Reported copy number variations with a size <10 exons are confirmed by orthogonal methods such as qPCR if the specific CNV has been seen less than three times at Blueprint Genetics (Plus analysis only).
Our clinical statement includes tables for sequencing and copy number variants that include basic variant information (genomic coordinates, HGVS nomenclature, zygosity, allele frequencies, in silico predictions, OMIM phenotypes and classification of the variant). In addition, the statement includes detailed descriptions of the variant, gene and phenotype(s) including the role of the specific gene in human disease, the mutation profile, information about the gene’s variation in population cohorts and detailed information about related phenotypes. We also provide links to the references used, congress abstracts and mutation databases to help our customers further evaluate the reported findings if desired. The conclusion summarizes all of the existing information and provides our rationale for the classification of the variant.
Identification of pathogenic or likely pathogenic variants in dominant disorders or their combinations in different alleles in recessive disorders are considered molecular confirmation of the clinical diagnosis. In these cases, family member testing can be used for risk stratification within the family. In the case of variants of uncertain significance (VUS), we do not recommend family member risk stratification based on the VUS result. Furthermore, in the case of VUS, we do not recommend the use of genetic information in patient management or genetic counseling.
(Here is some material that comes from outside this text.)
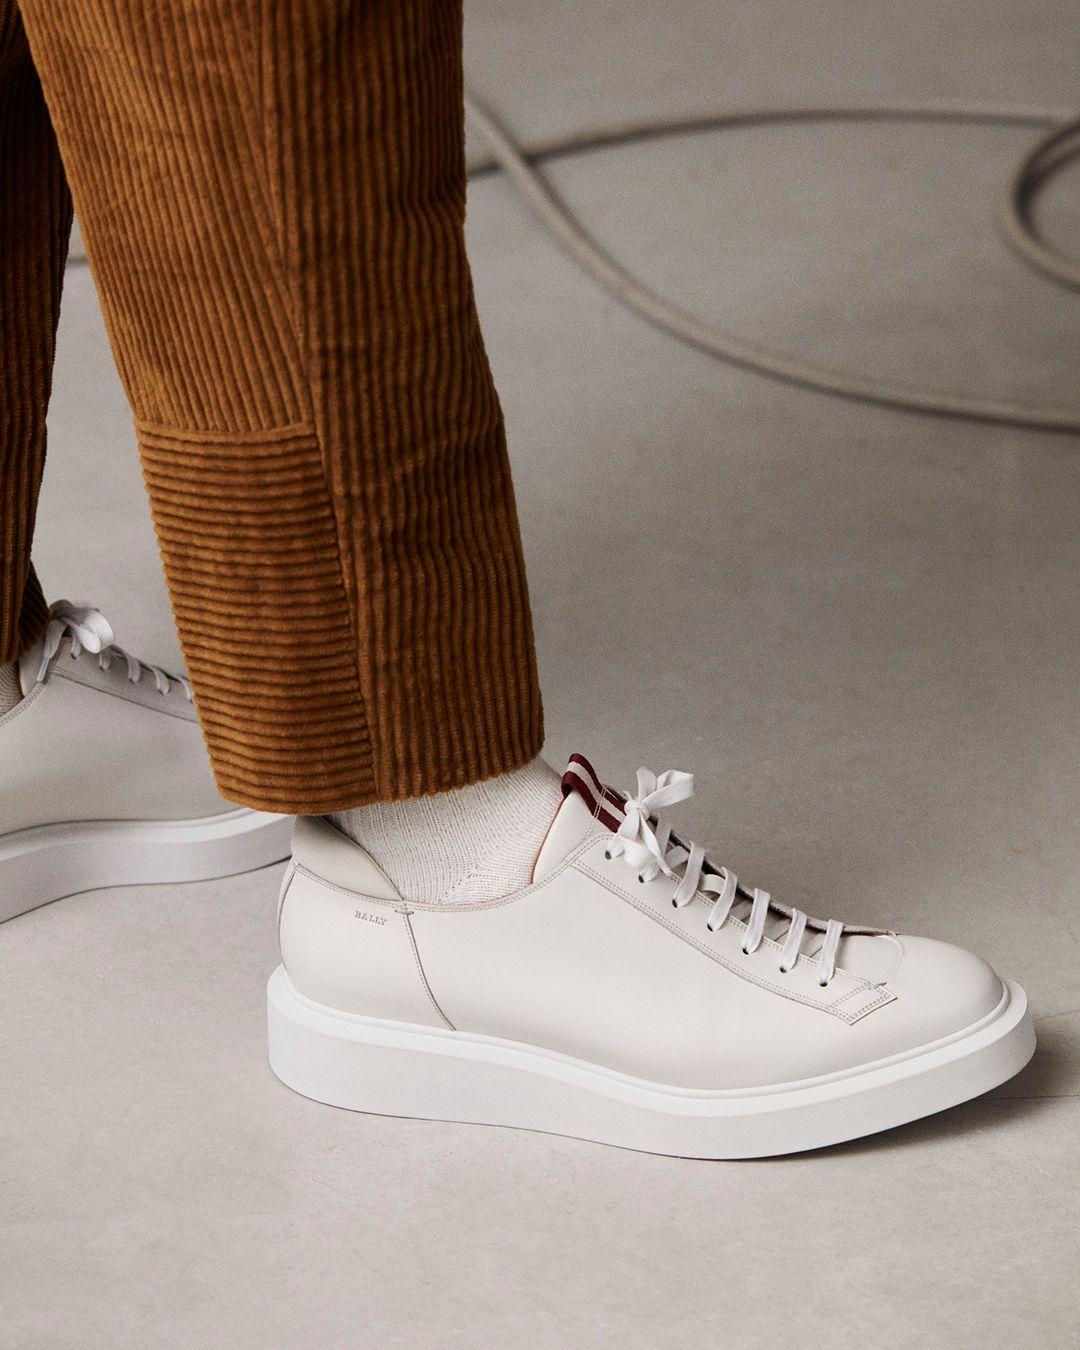 663a6e29b6 Bally Olivio | Fashion- shoes and accessories | Fashion, Mens ...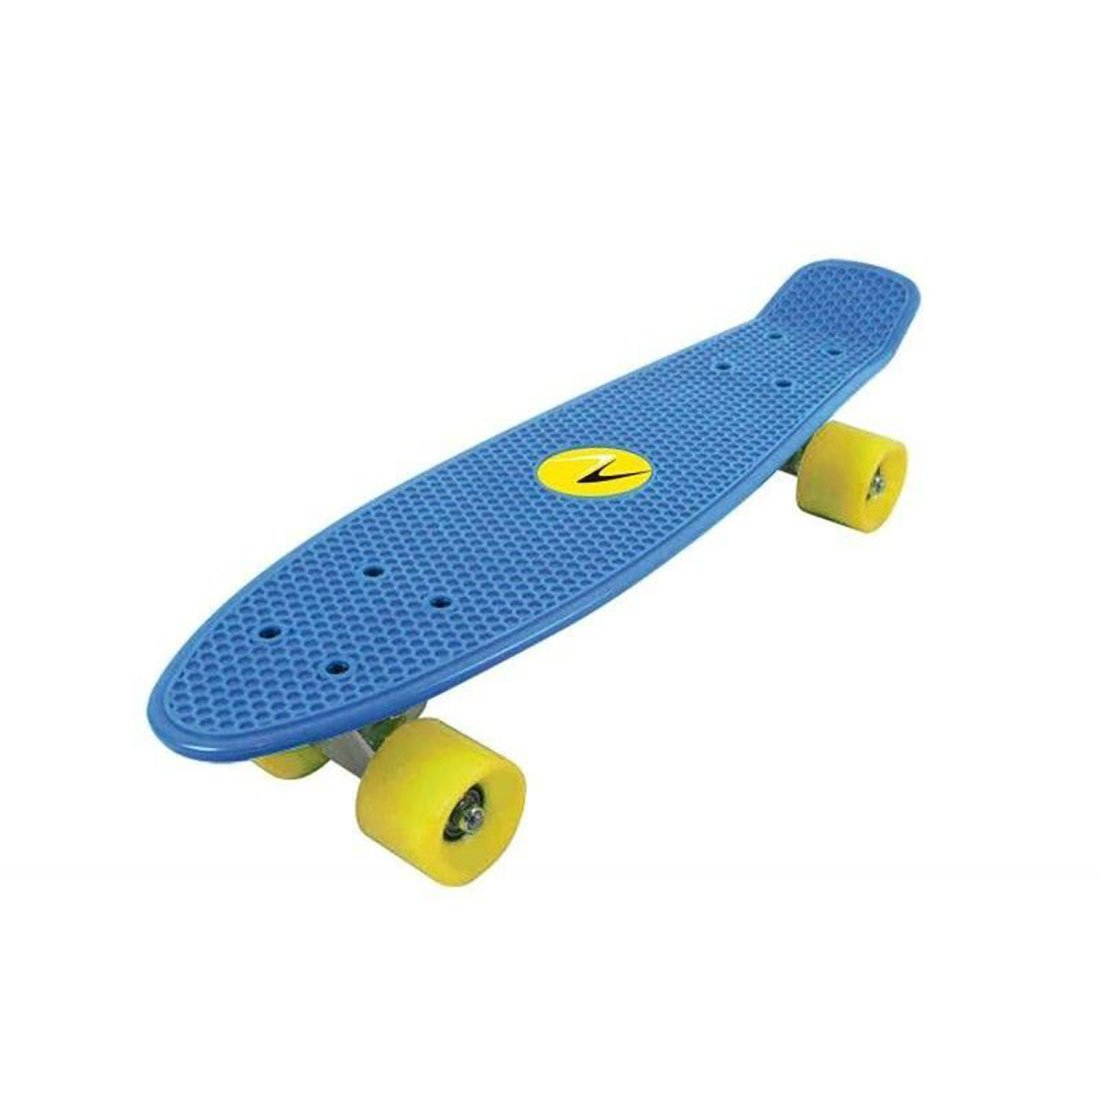 Skateboard penny board DHS Nextreme Freedom, albastru imagine

Our interpretation team analyzes millions of variants from thousands of individuals with rare diseases. Thus, our database, and our understanding of variants and related phenotypes, is growing by leaps and bounds. Our laboratory is therefore well positioned to re-classify previously reported variants as new information becomes available. If a variant previously reported by Blueprint Genetics is re-classified, our laboratory will issue a follow-up statement to the original ordering health care provider at no additional cost.